2. A method as in claim 1 wherein said different amplitude signals are applied in the respective frames and said voltage applied to said picture elements is equivalent to the difference between said applied modulation voltages and said writing voltages.
3. A method as in claim 2 wherein said writing voltages are Vw1 or -Vw2, said modulation voltages are OV, a voltage of a set amplitude greater than OV and less than VM, VM, Vw1=Vw2+VM, and said threshold voltage is greater than or equal to Vw2 but less than or equal to Vw1.
4. A method as in claim 3 wherein said picture elements are caused to effect gradation display in three or more levels of brightness.
5. A method of cyclically driving a display device, said device including plural scanning side electrodes, plural data side electrodes disposed in directions intersecting said scanning side electrodes, a dielectric layer means interposed between said scanning side and said data side electrodes, and picture elements composed of said dielectric layer means interposed between said scanning side and said data side electrodes for emitting light in response to an applied voltage which is higher than or equal to a threshold voltage Vth, said method comprising:
applying plural frames of modulation voltages OV, a voltage of a set amplitude greater than OV and less than VM, or VM to said data side electrodes for each driving cycle, wherein said modulation voltages are different in amplitude in each of said plural frames and correspond to the display data;
applying plural frames of positive or negative writing voltages, Vw1 or -Vw2 respectively, to said scanning side electrodes, wherein Vw1=Vw2+VM and Vth is greater than or equal to Vw2 but less than or equal to Vw1,
whereby said picture elements are caused to obtain gradation display of at least three brightness levels by applying plural frames of modulation and writing voltages for each drive cycle that are each lesser in number than the number of brightness levels obtained.
Description

This is a continuation of application Ser. No. 07/579,733, filed Sep. 10, 1990, now abandoned.
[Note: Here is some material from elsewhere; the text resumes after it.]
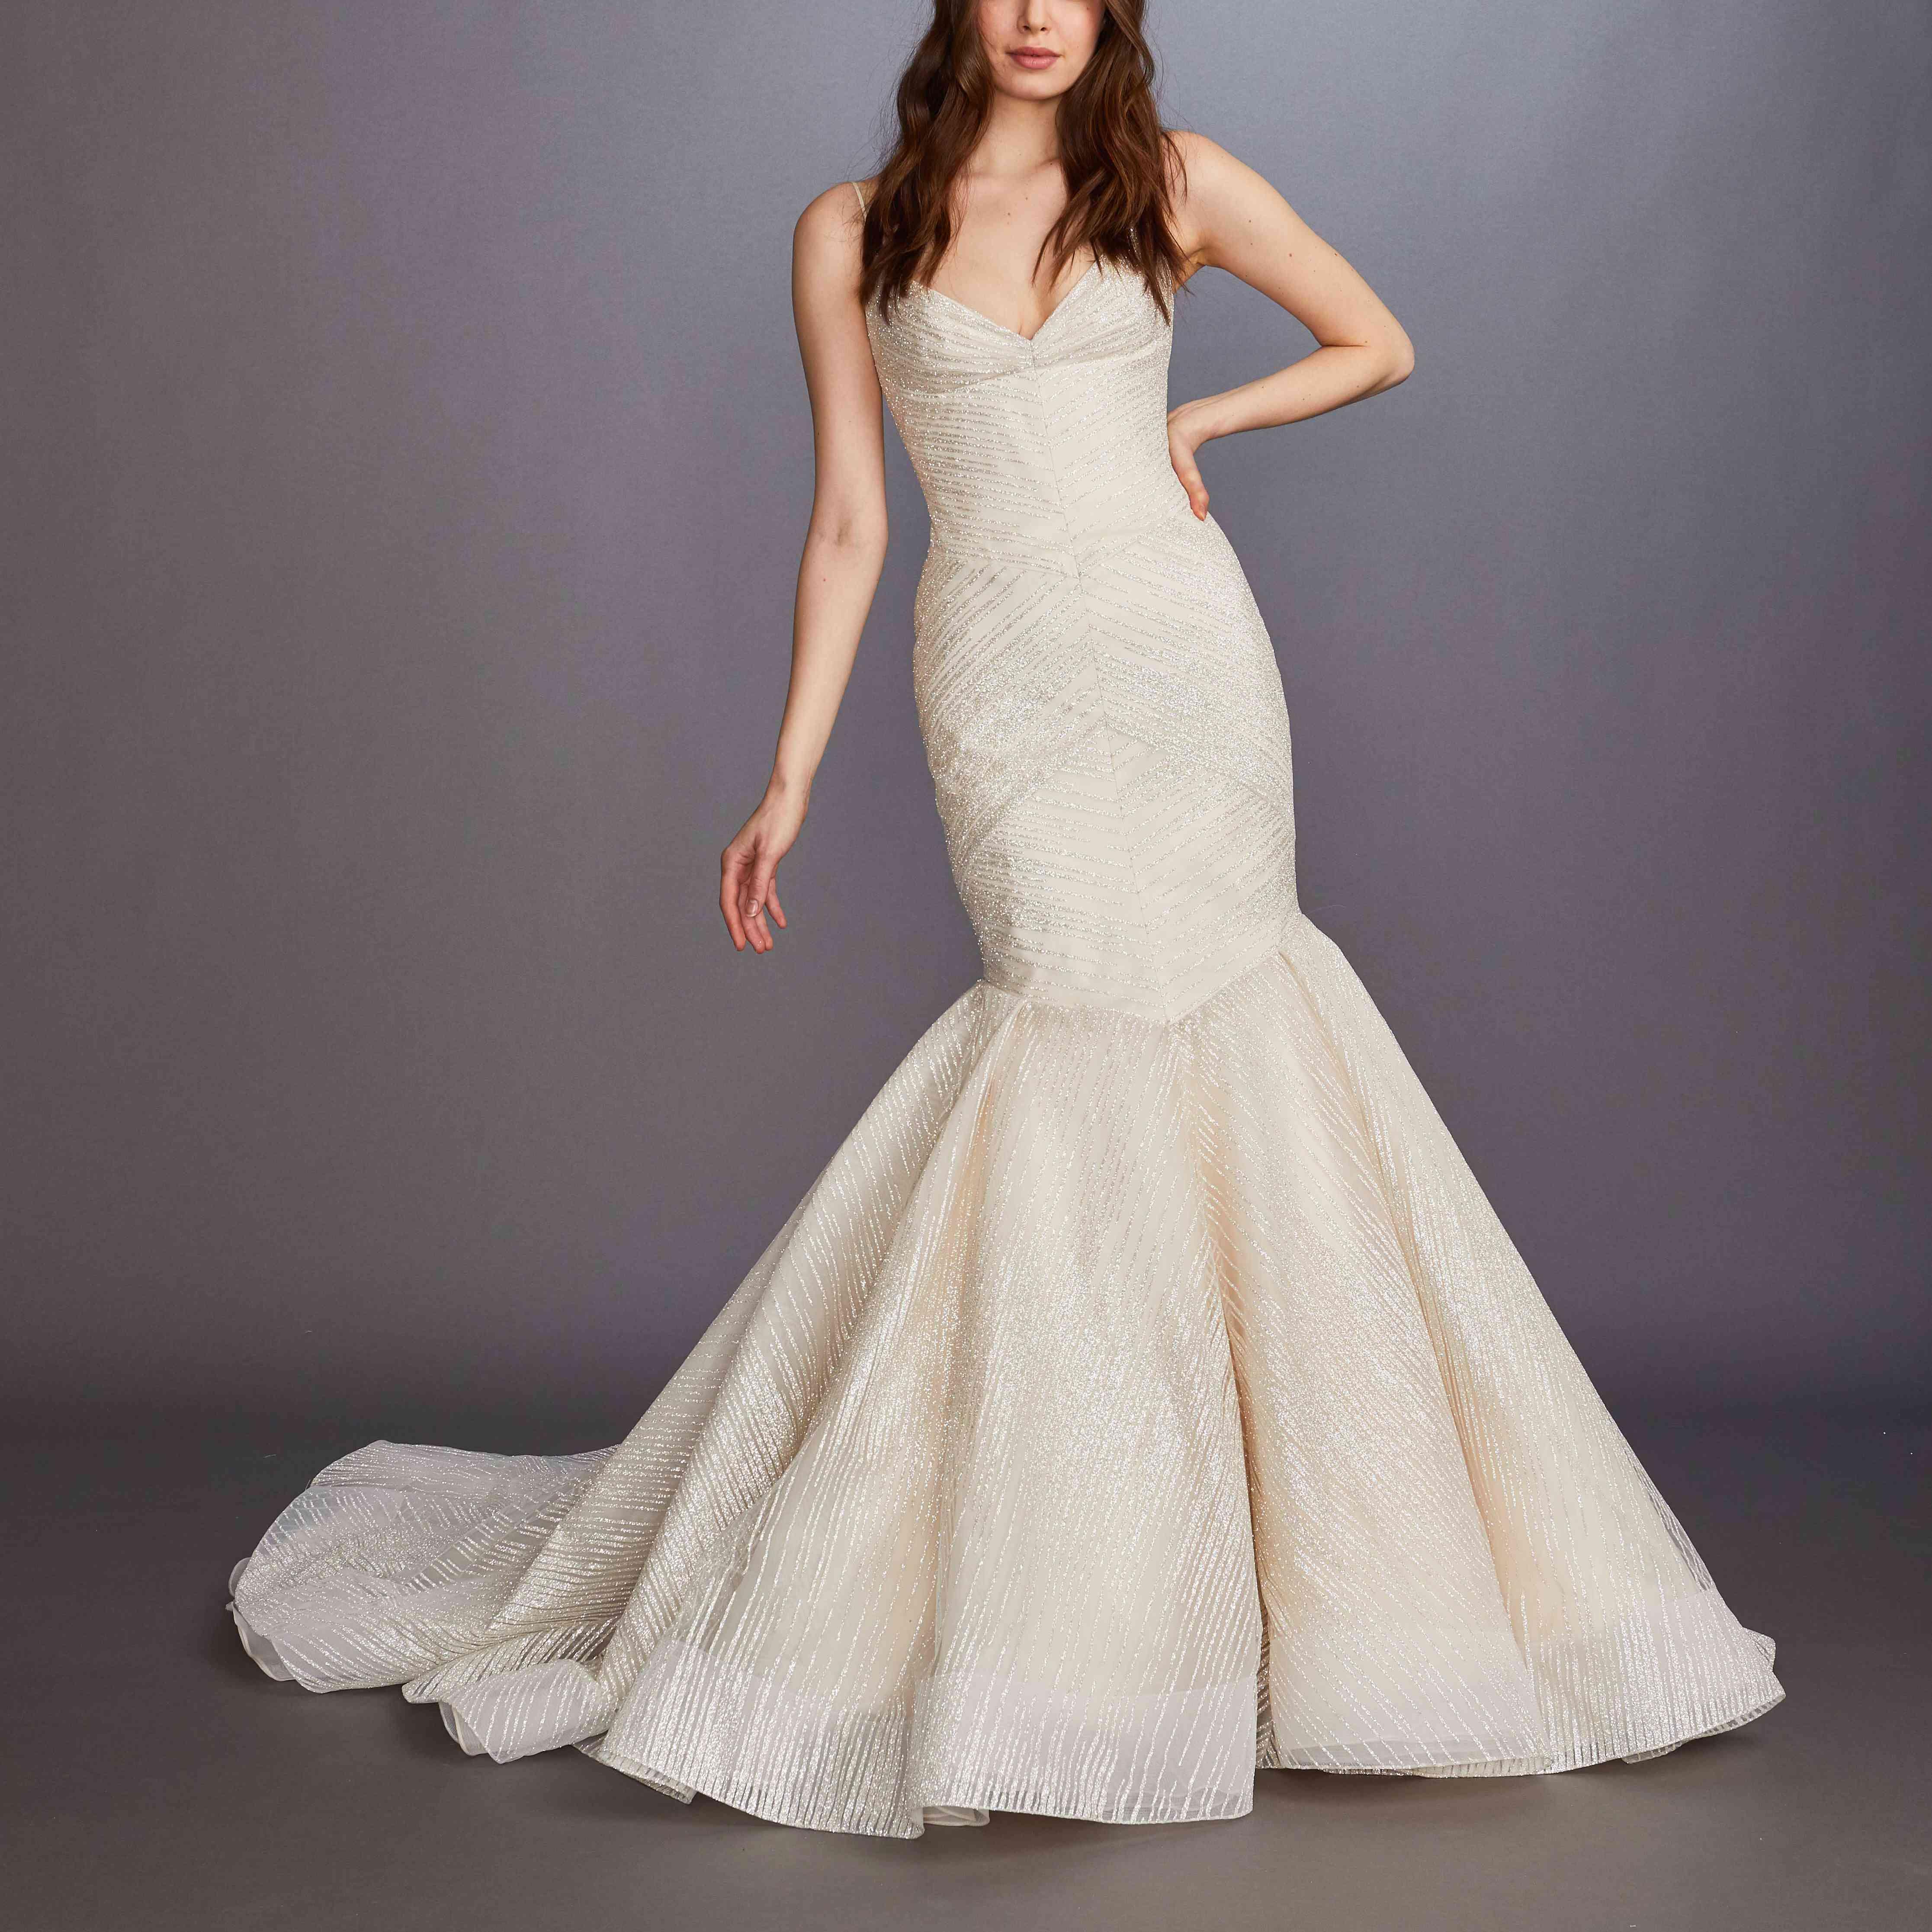 Marilla blush fit-and-flare wedding dress by Lazaro
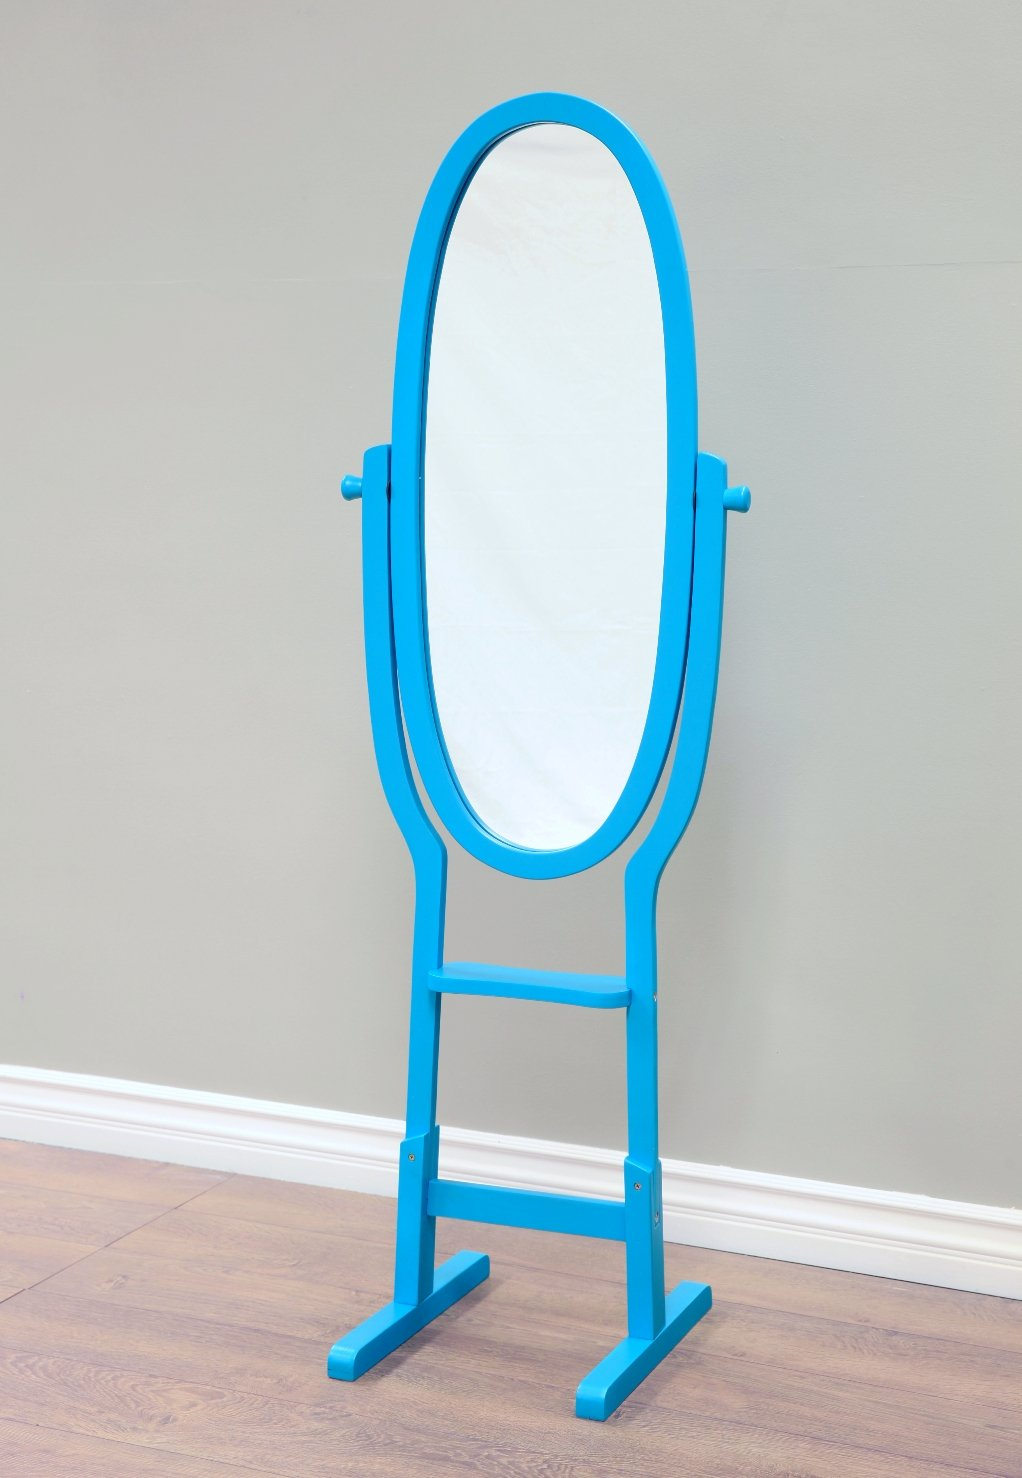 Frenchi Home Furnishing Kids Mirror Stand Blue mega home MR282-BU

BACKGROUND OF THE INVENTION

The present invention generally relates to a display device and more particularly, to a method of driving a display device, for example, a capacitive flat matrix display panel (referred to as a thin film EL display device hereinafter), etc.

FIG. 8 is a block diagram showing overall construction of a conventional thin film EL display device, which generally includes a display panel 1, a data side switching circuit 2, a scanning side switching circuit 5, a drive circuit 8, and a drive logic circuit 11 coupled to each other as illustrated.

In the known arrangement of FIG. 8, the display panel 1 is composed of a thin film EL element. In the case where this thin film EL element is, for example, of a double insulated type thin film EL element, it includes belt-like transparent electrodes arranged in a parallel relation on a glass substrate, a dielectric substance applied thereover, an EL layer further applied thereover, and another dielectric substance further applied thereon to provide a three-layered structure, and belt-like back electrodes further applied thereover so as to extend parallely in a direction intersecting at right angles with said transparent electrodes referred to above.

In the display panel 1 as described above, the transparent electrodes of the thin film EL element are set to be the data side electrodes x1 to x8, while the back electrodes of said thin film EL element are adapted to be the scanning side electrodes y1 to y4.

The data side switching circuit 2 is intended to apply OV or VM as a modulation voltage individually to the respective data side electrodes x1 to x8, and includes a group of data side output ports 3 individually connected to the respective data side electrodes x1 to x8, and a logic circuit 4 which receives display data corresponding t the respective data side electrodes x1 to x8 so as to turn on or off the data side output ports 3 according to said display data.

Meanwhile, the scanning side switching circuit 5 is a circuit for impressing Vw1 or -Vw2 (in a relation Vw1=Vw2+VM, and represented as Vw1≧Vth, Vw2≦Vth when light emitting threshold voltage of the thin film EL element is denoted by Vth) to the respective scanning side electrodes y1 to y4 according to the line sequence thereof as a writing voltage, and includes a group of scanning side output ports 6 individually connected to the respective scanning side electrodes y1 to y4, and a logic circuit 7 for turning on or off the group of the scanning side output ports 6 according to the line sequence of the scanning side electrodes y1 to y4.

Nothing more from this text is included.